§ **Exercise objective**:
The full listing is to be returned exactly as given, but without pictures.

(The data Opens)

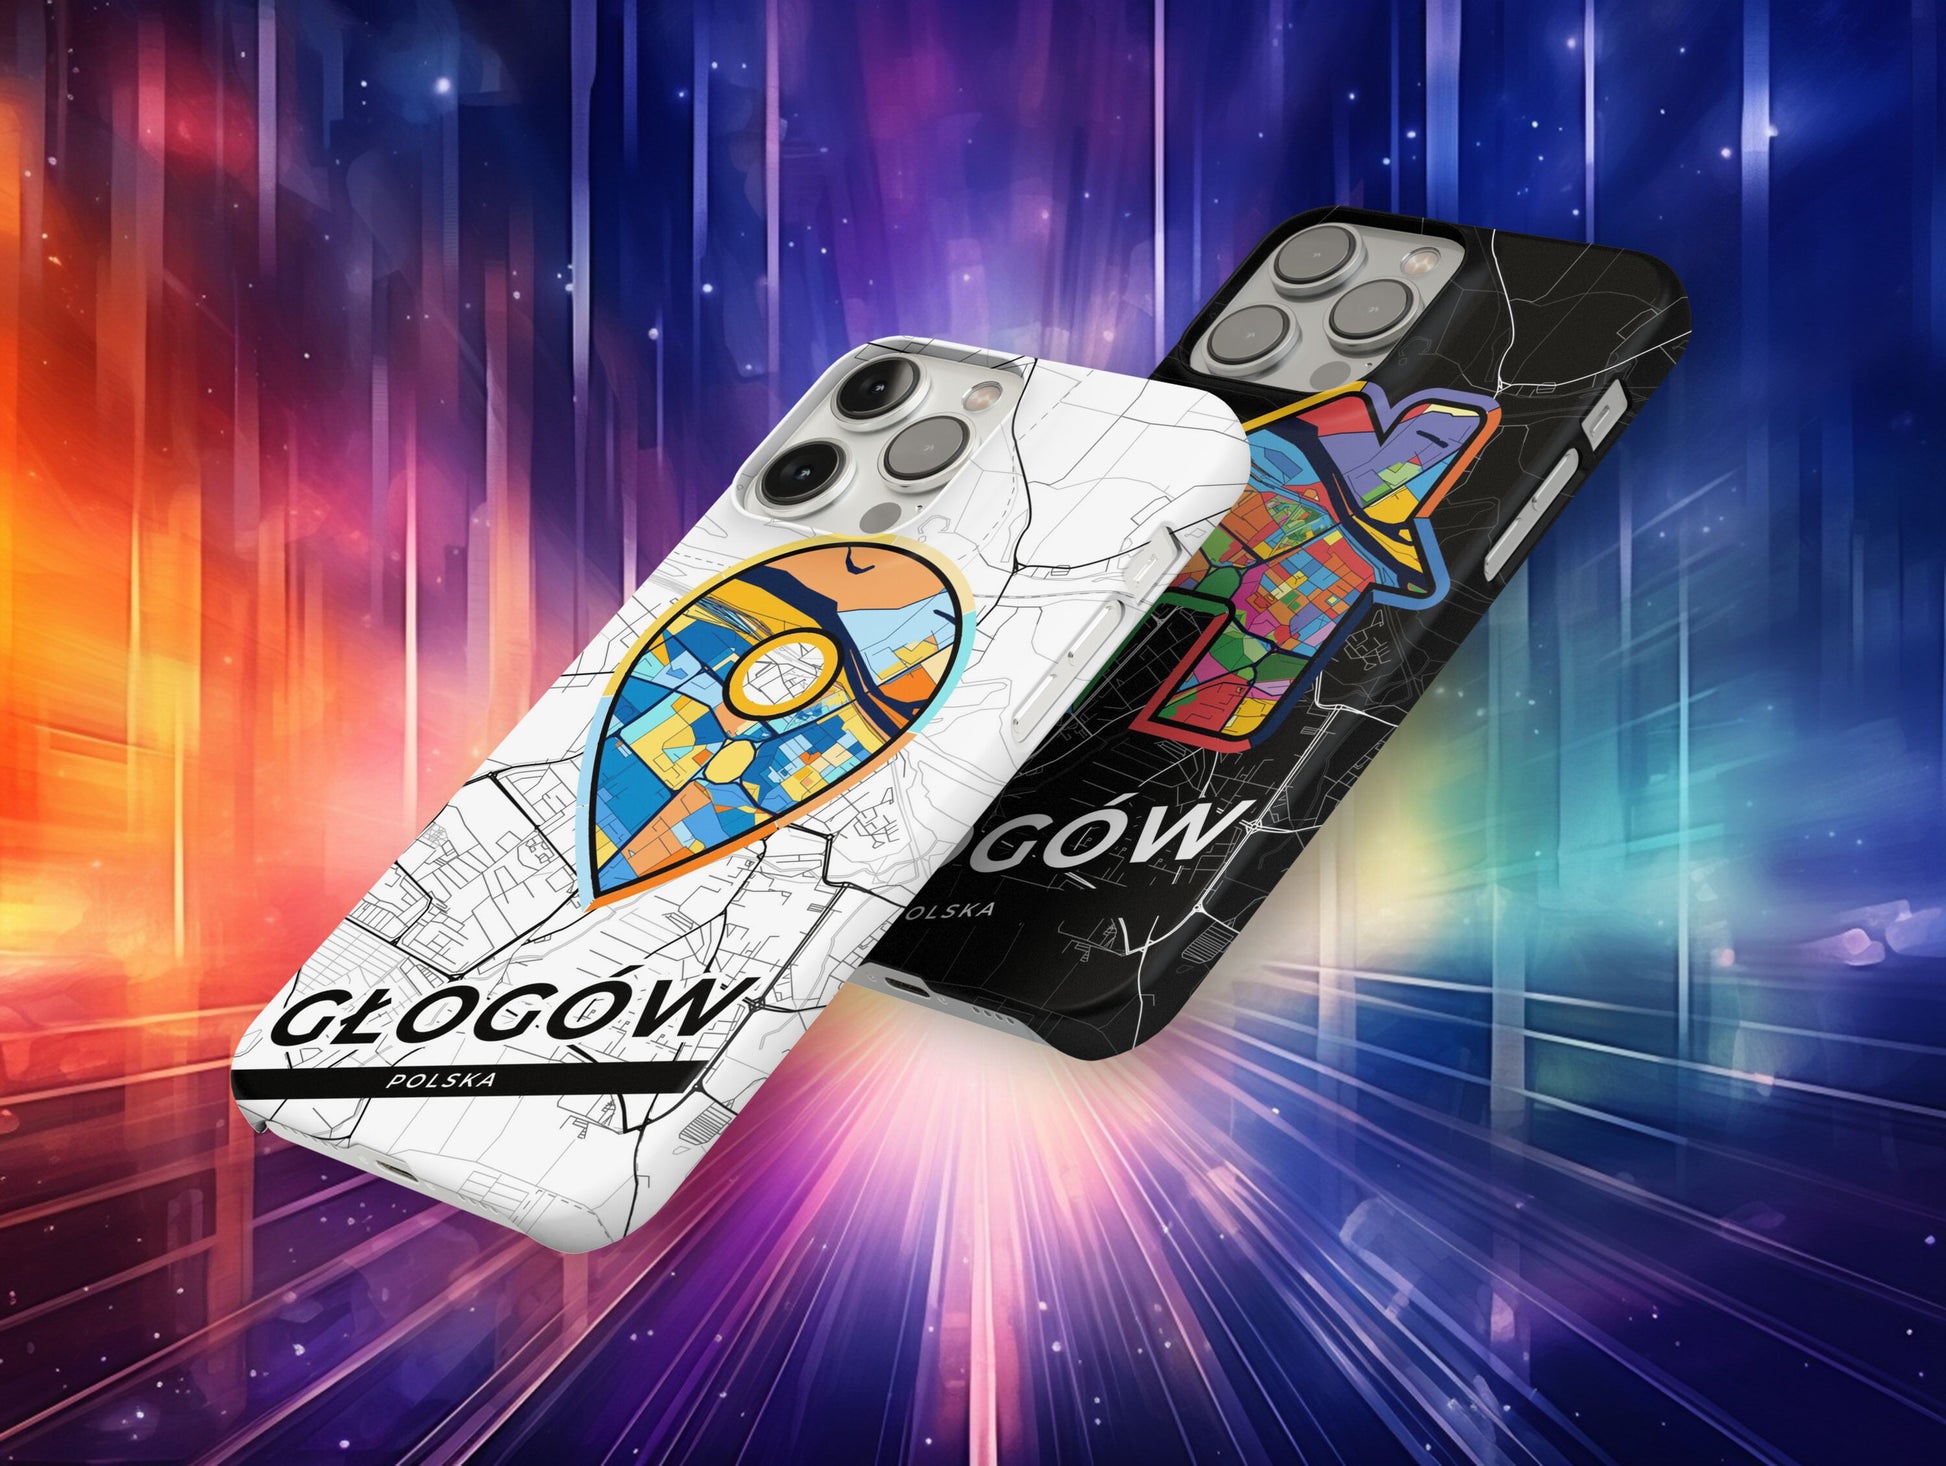 Głogów Poland slim phone case with colorful icon. Birthday, wedding or housewarming gift. Couple match cases.
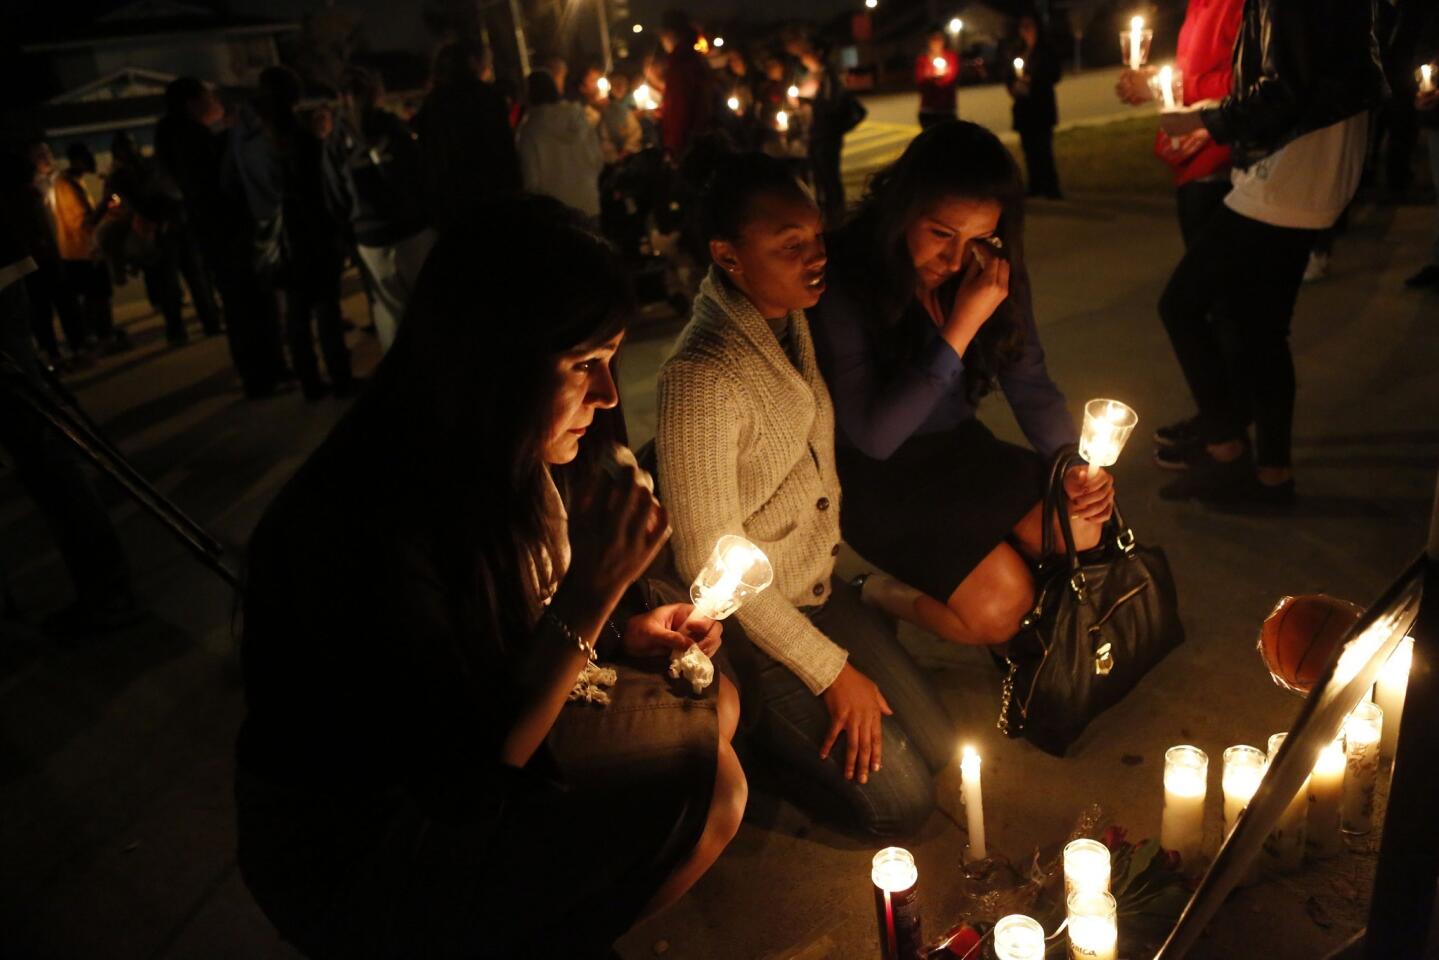 Monica Quan's basketball teammate and friend, Julie Escalera, left, sits with Germita Haynie, center, and Stephanie Escalera as they pay their respects in front of candles and photos of the slain basketball coach.
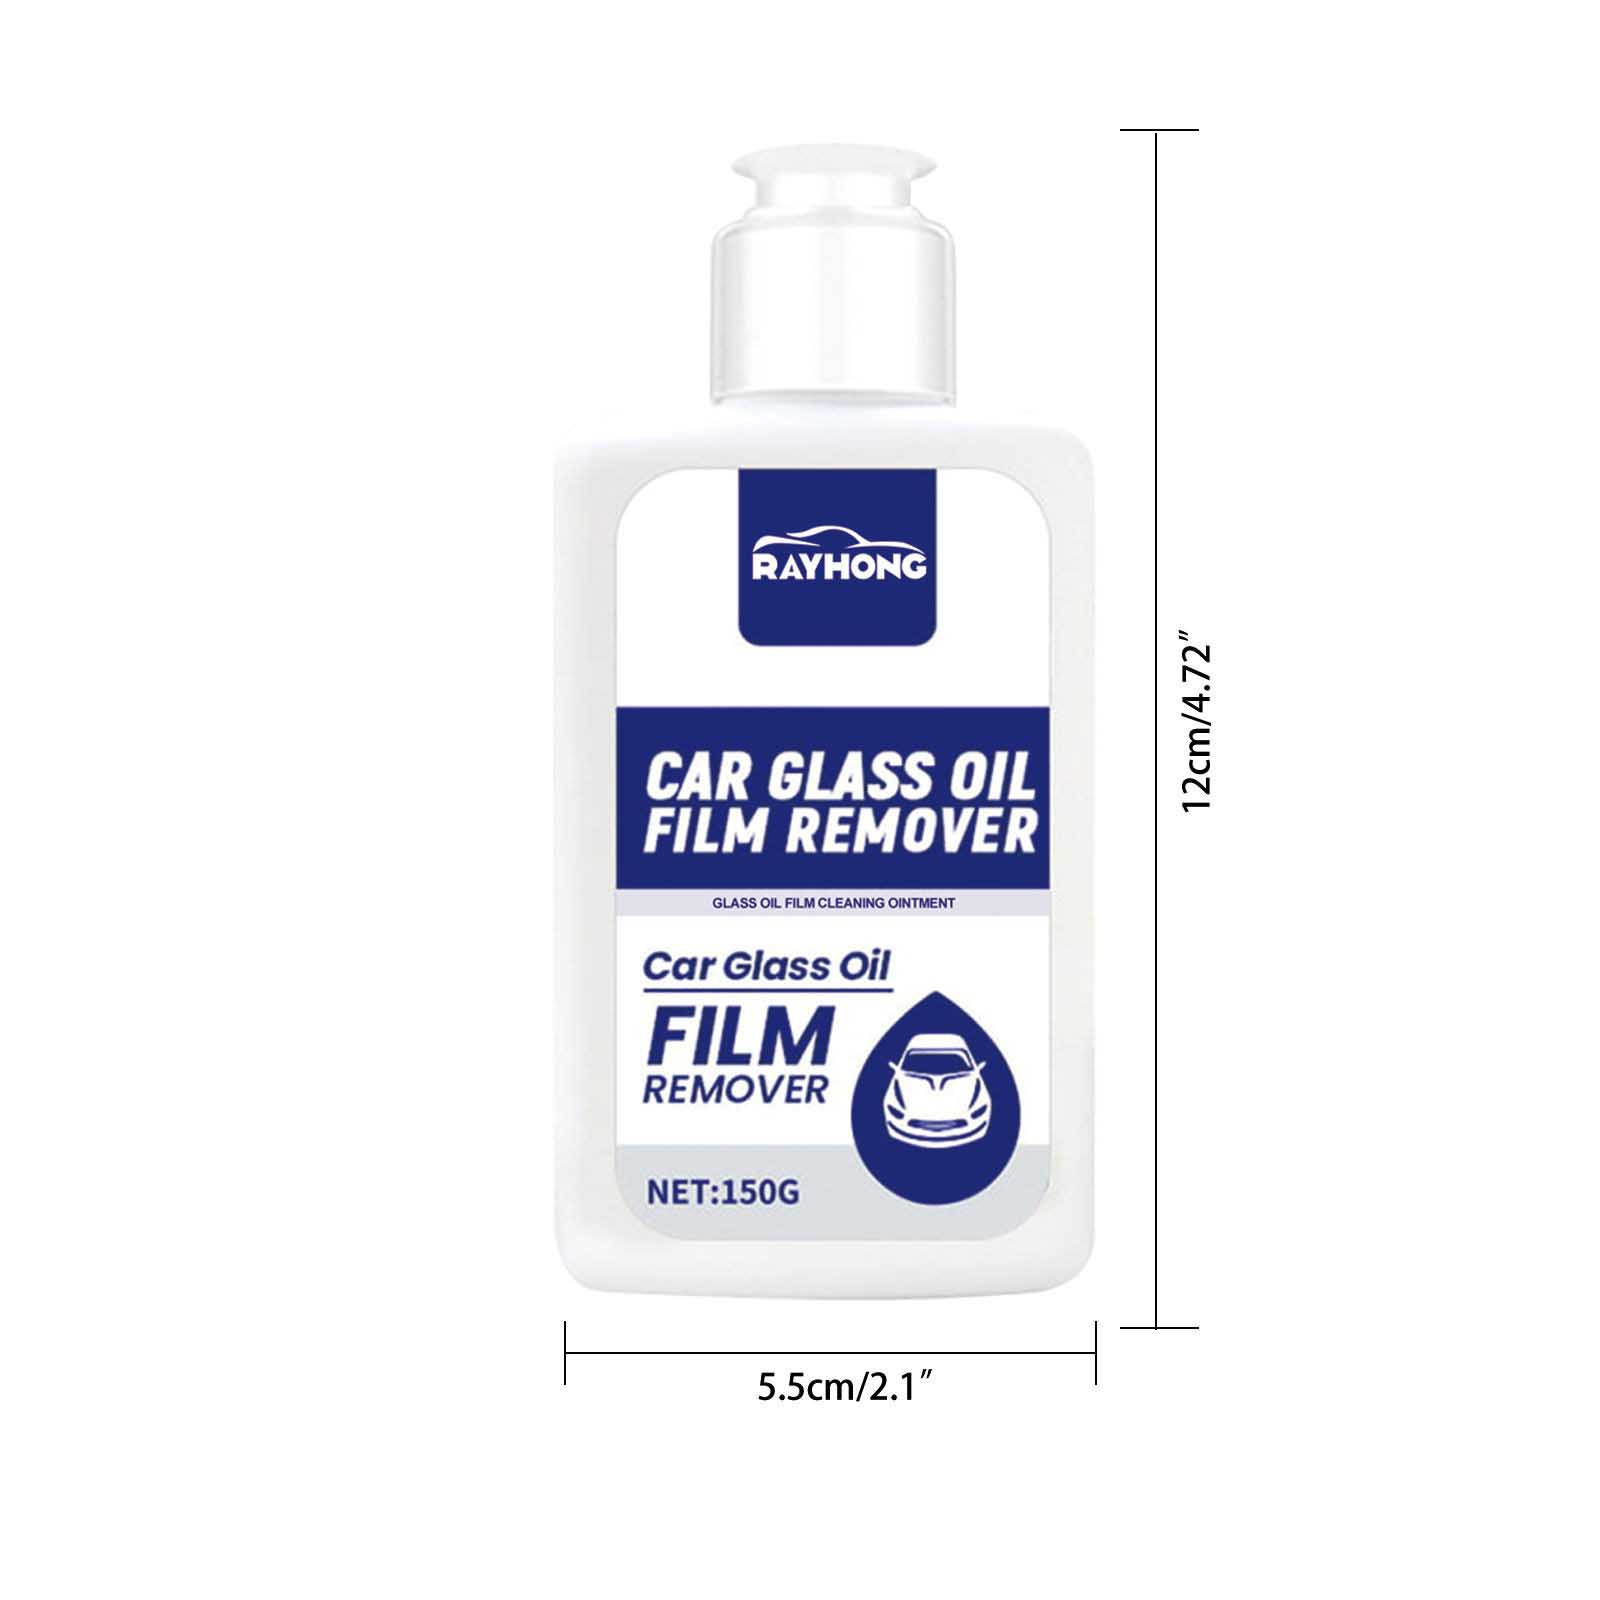 Shengxiny Glass Cleaner Clearance Oil Film Remover for Car Glass, Windscreen Cleaner, Oil Film Cleaner, Rain Proof and Proof Car Glass Oil Film

(The data Closes)

§ **Written response**:
 Głogów Poland slim phone case with colorful icon. Birthday, wedding or housewarming gift. Couple match cases.
 Monica Quan's basketball teammate and friend, Julie Escalera, left, sits with Germita Haynie, center, and Stephanie Escalera as they pay their respects in front of candles and photos of the slain basketball coach.
 Shengxiny Glass Cleaner Clearance Oil Film Remover for Car Glass, Windscreen Cleaner, Oil Film Cleaner, Rain Proof and Proof Car Glass Oil Film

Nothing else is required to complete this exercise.